Re: function of uniform probability
Posted:
Feb 10, 2009 8:52 PM


On Feb 10, 3:21 pm, Boris Gourévitch <bo...@SUSAUSPAMpi314.net> wrote: > Hi, >
Hi, I'm not entirely sure I understand your question, so if my reply doesn't make any sense then please ignore it.
> I'm working in signal processing and I would like to build a function > f(t) (t is time) defined on R+, bounded on [a,b], derivable
I'm wondering if you might mean "differentiable" rather than "derivable"...
> and which > verifies Probability(f(t) is in [c,d])=(dc), [c,d] being included in > [a,b].
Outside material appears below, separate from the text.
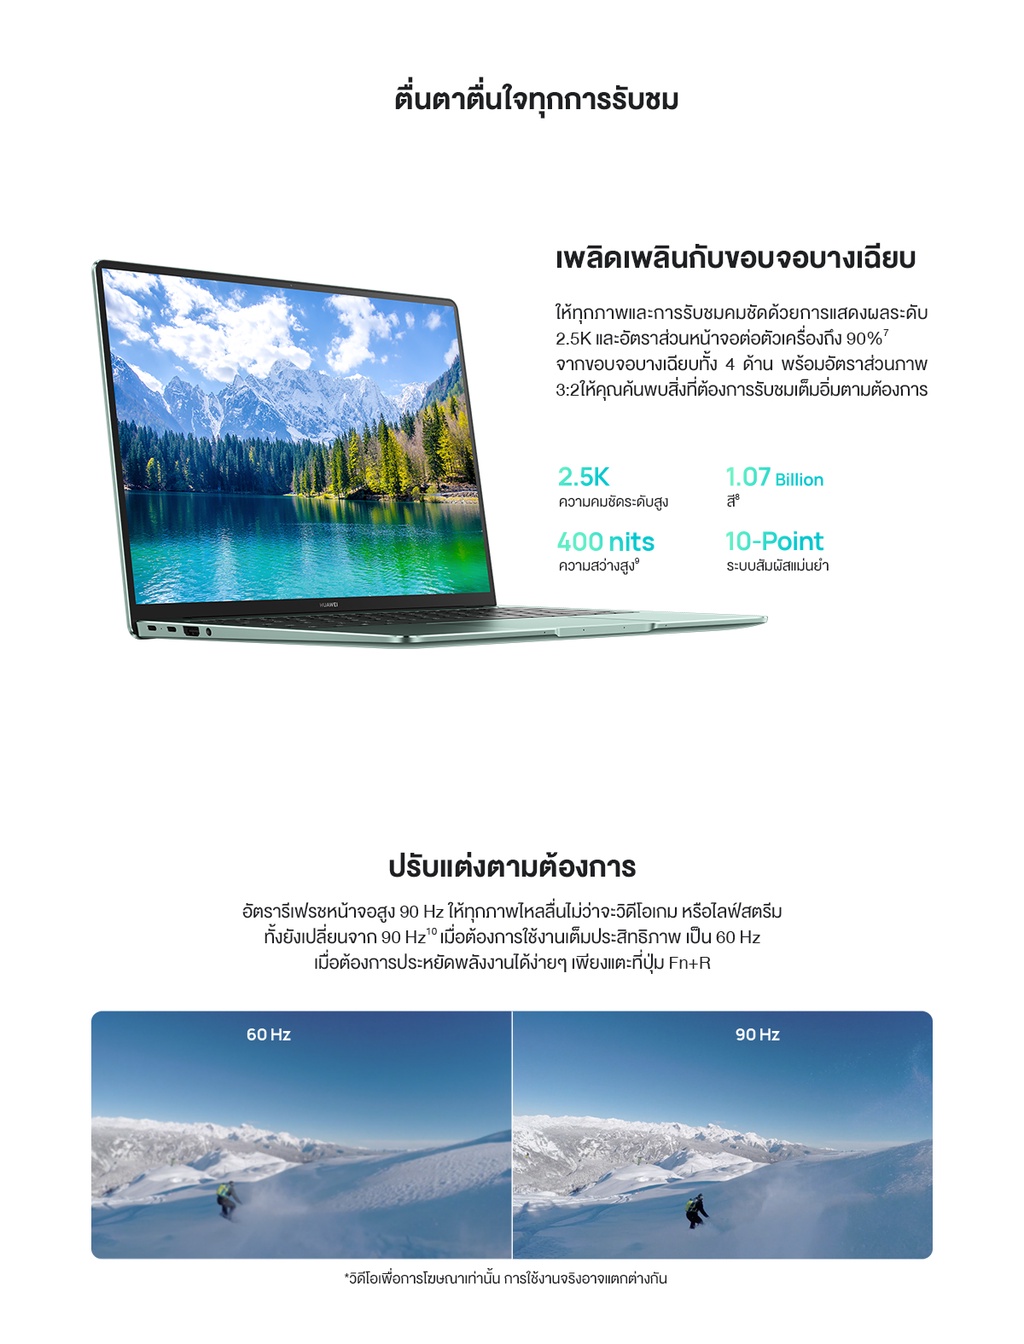 มุมมองเพิ่มเติมของสินค้า HUAWEI MateBook 14s แล็ปท็อป  11th Gen H Series & Touch Screen Intel 2.5K Huawei FullView Display มาพร้อมกับอัตรารีเฟรชหน้าจอ90Hz ร้านค้าอย่างเป็นทาง

Do you mean f(t) at a uniformly randomly chosen instant in time? I'm not sure it's logically possible to choose such an instant unless you constrain t to lie in a finite time interval  though you can sidestep this issue by using a periodic function. Also, probability is a number between zero and one, so I'm wondering if you mean the probability is *proportional* to d  c, rather than equal to it.
I'm guessing that your probability requirements are such that a sawtooth wave would work, except that's no good to you because it's not smooth. I don't see that a smooth bounded periodic function defined for all t > 0 is possible: f(t) will inevitably be biased towards the points of maximum and minimum when arbitrarily small intervals [c,d] are considered. For the same reason, I don't see that a smooth function defined over a finite timespan (with t chosen uniformly randomly from that timespan) will be possible either, except for the trivial case of a linear function. The only way I can see is to somehow contrive to have a maximum or minimum at every value within [a,b] (for some t) and make the limiting probability over t = 0 to t = T come right as T > infinity, if that's possible (I don't know if it is). But the probabilities wouldn't be right with t chosen from any finite time interval.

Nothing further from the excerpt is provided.